A cura di Cristina Festari

Mi chiamo Daniel, ho 67 anni, sono un neurologo in pensione e sono affetto dalla malattia di Alzheimer (AD), sebbene ad uno stadio iniziale. Prima di completare il mio corso di neurologia, ero uno scienziato interessato allo studio della neuroendocrinologia dello stress. Ho trascorso quasi 25 anni a praticare e insegnare neurologia generale.
Il mio primo sintomo di AD si è verificato all’età di 55 anni quando ho scoperto che non riuscivo a percepire alcuni odori tenui e rarefatti, come, ad esempio, il profumo di un fiore. Nel giro di un anno ho iniziato ad avere frequenti allucinazioni olfattive che potevano durare da pochi minuti a un’ora. All’inizio questi consistevano nella piacevole fragranza del pane cotto; nei successivi 5 o 6 anni assunsero l’aroma degli agrumi, ma non furono mai spiacevoli. Mentre perdevo completamente la mia capacità olfattiva, le allucinazioni gradualmente diminuivano e circa un anno fa sono sparite del tutto.All’età di 60 anni, in modo quasi casuale, mi sono sottoposto ad un test genetico. Di prassi la restituzione dei risultati di questi test avviene solo attraverso una consulenza genetica. Io ho esplicitamente richiesto di conoscere i risultati di due geni di interesse neurologico, ossia APOE e LRRK2, perché volevo sapere se potevo essere a rischio di malattia di Parkinson, considerate le alterazioni del senso dell’olfatto di cui soffrivo. All’epoca non ero a conoscenza dell’associazione tra malattia di Alzheimer e compromissione olfattiva. Sono rimasto davvero scioccato nello scoprire di essere portatore omozigote dell’allele ε4 dell’apolipoproteina E (APOE), un importante fattore di rischio per AD. A quel tempo, non avevo apparenti problemi cognitivi.
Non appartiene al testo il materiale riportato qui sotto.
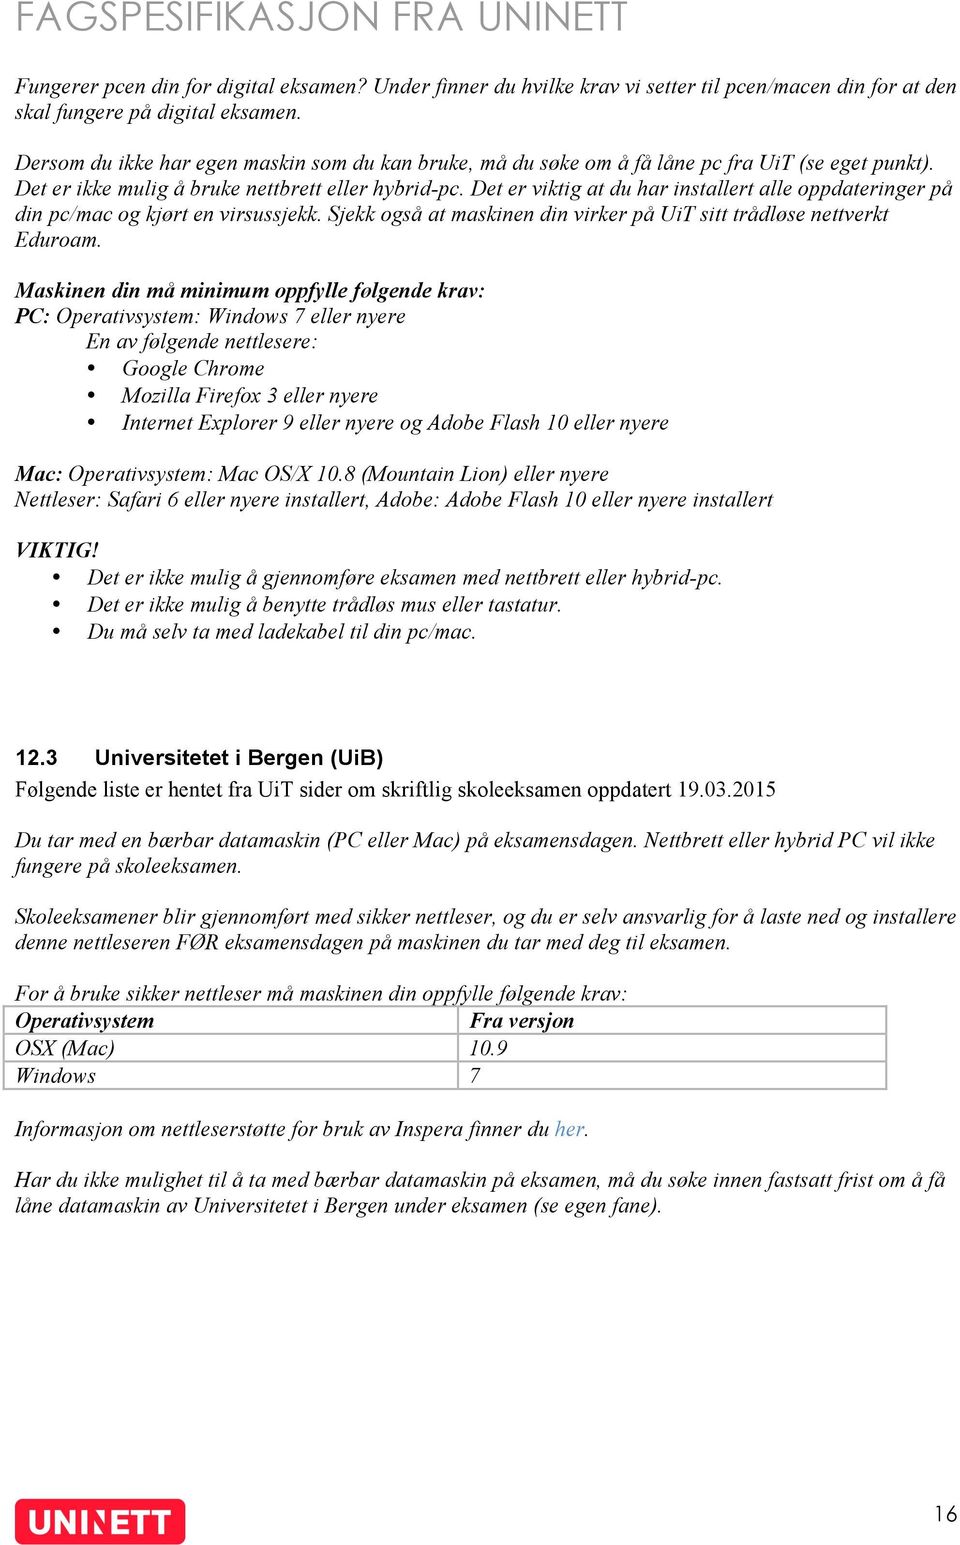 Fagspesifikasjon. Klienter for digital eksamen - PDF Gratis nedlasting

Circa un anno dopo ho iniziato a notare piccole difficoltà di memoria, che avrei certamente ignorato se non avessi saputo dello stato di ε4 di APOE. Faticavo ad imparare il numero di telefono del mio nuovo ufficio e a volte ricordavo con difficoltà i nomi dei colleghi. Ho pertanto deciso di andare in pensione nel 2013. Avevo 62 anni.
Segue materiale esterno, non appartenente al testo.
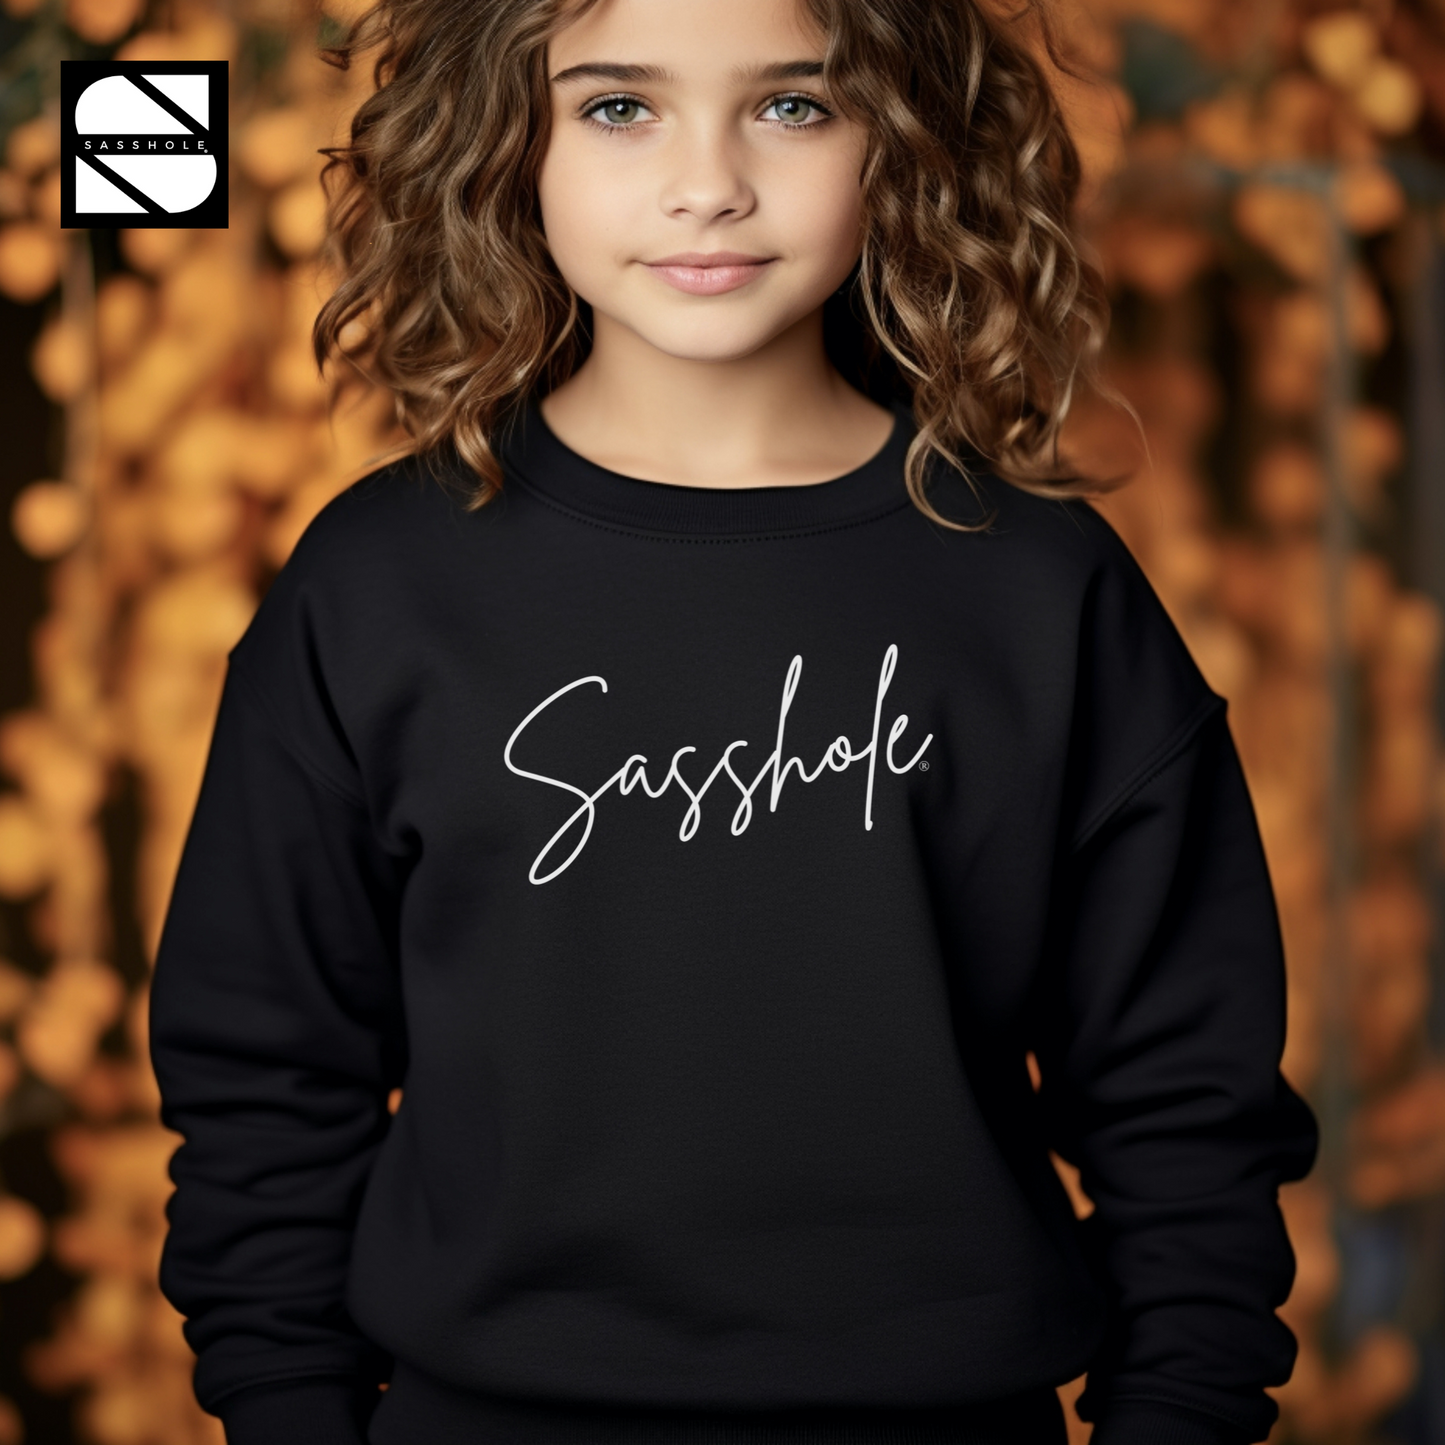 Sassy Tude & Trend Setter: Sasshole® Youth Girls Sweatshirt

Due anni dopo ho scelto di partecipare come volontario ad uno progetto di ricerca per lo studio della malattia di Alzheimer. Esso prevedeva alcuni test cognitivi ed esami strumentali, quali la risonanza magnetica, la tomografia a emissione di positroni (PET) per la proteina amiloide, la PET per la proteina tau, e PET di fluodeossiglucosio. Gli esiti di tutti questi esami erano concordi e compatibili con la diagnosi di malattia di Alzheimer allo stadio lieve. Successivamente ho partecipato alla sperimentazione farmacologica di uno degli anticorpi monoclonali anti-amiloidi.
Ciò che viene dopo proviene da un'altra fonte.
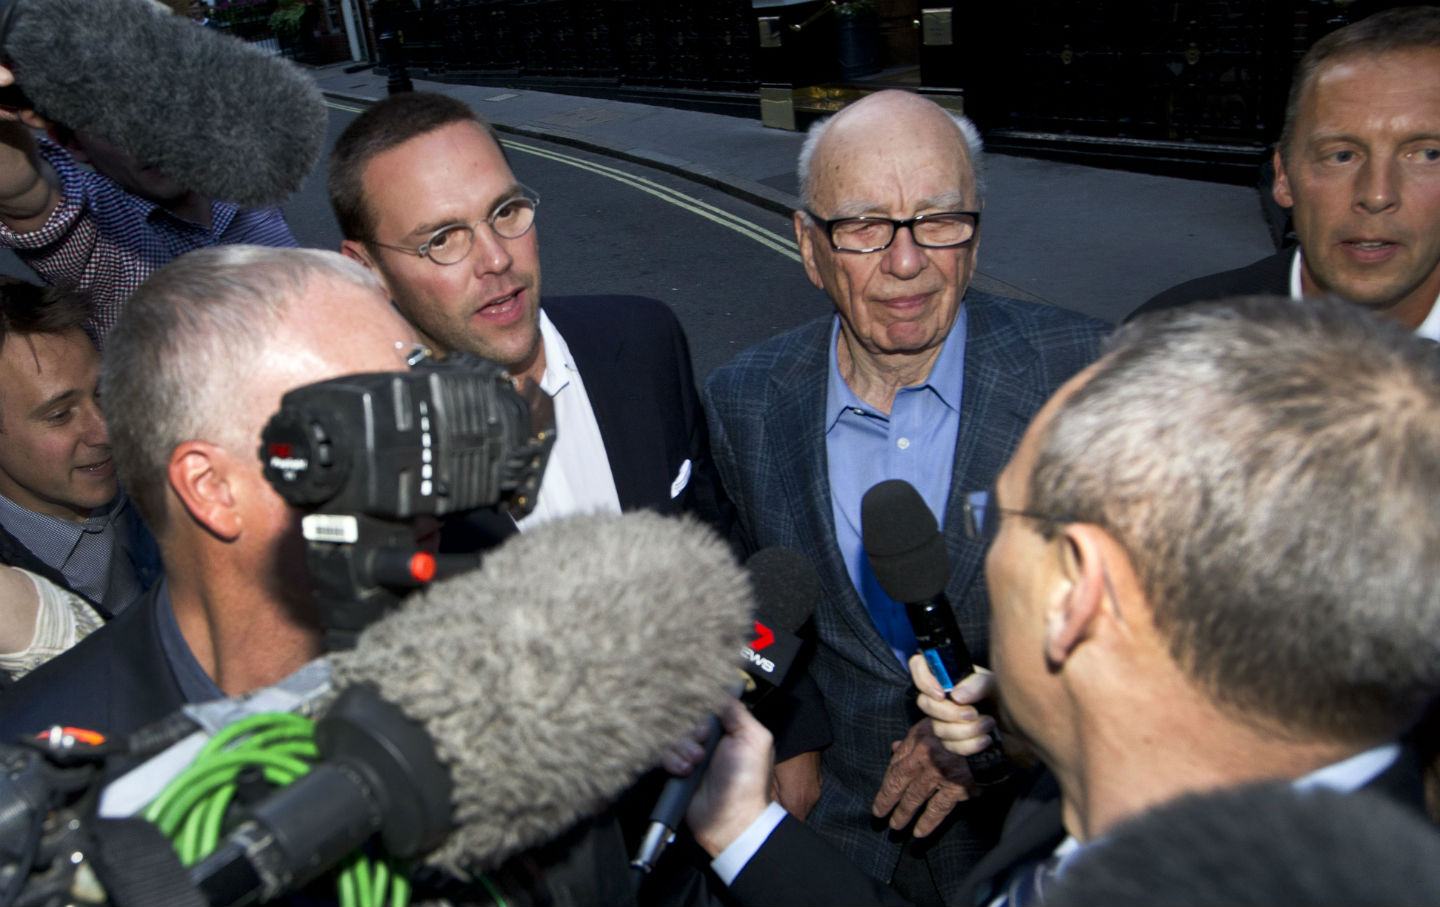 Rupert and James Murdoch

La malattia di Alzheimer mi è stata diagnosticata molto precocemente e ciò, per me, è stato utile. La familiarità per AD nella mia famiglia non era chiara, perché molti miei parenti sono morti giovani per altre cause. In retrospettiva, forse una nonna e un prozio avevano probabilmente sofferto di Alzheimer. La scoperta di essere portatore omozigote di APOE è stata inaspettata e inizialmente terribile, ma mi ha permesso di prendere coscienza della malattia e quindi organizzare in modo proattivo il mio futuro. Quando mi sono sottoposto alla mia prima scansione PET per l’amiloide, sapevo di avere problemi cognitivi. Il risultato positivo della PET era stranamente rassicurante, mi ha dato la certezza della diagnosi. Mi sono accertato che il piano finanziario e le proprietà immobiliari fossero in ordine. Ho fornito istruzioni dettagliate sulla gestione medica della mia persona attraverso una procura generale e permanente. Ho modificato il mio stile di vita in modo da aiutare a rallentare la progressione della malattia, come suggerito da numerosi studi scientifici. Mi impegno a sostenere la ricerca sulle demenze sia come partecipante alle sperimentazioni cliniche che come portavoce. Parlo regolarmente con gli studenti di medicina delle mie esperienze con l’Alzheimer e incoraggio i pazienti affetti da demenza e le loro famiglie a prendere in considerazione la partecipazione a studi di ricerca.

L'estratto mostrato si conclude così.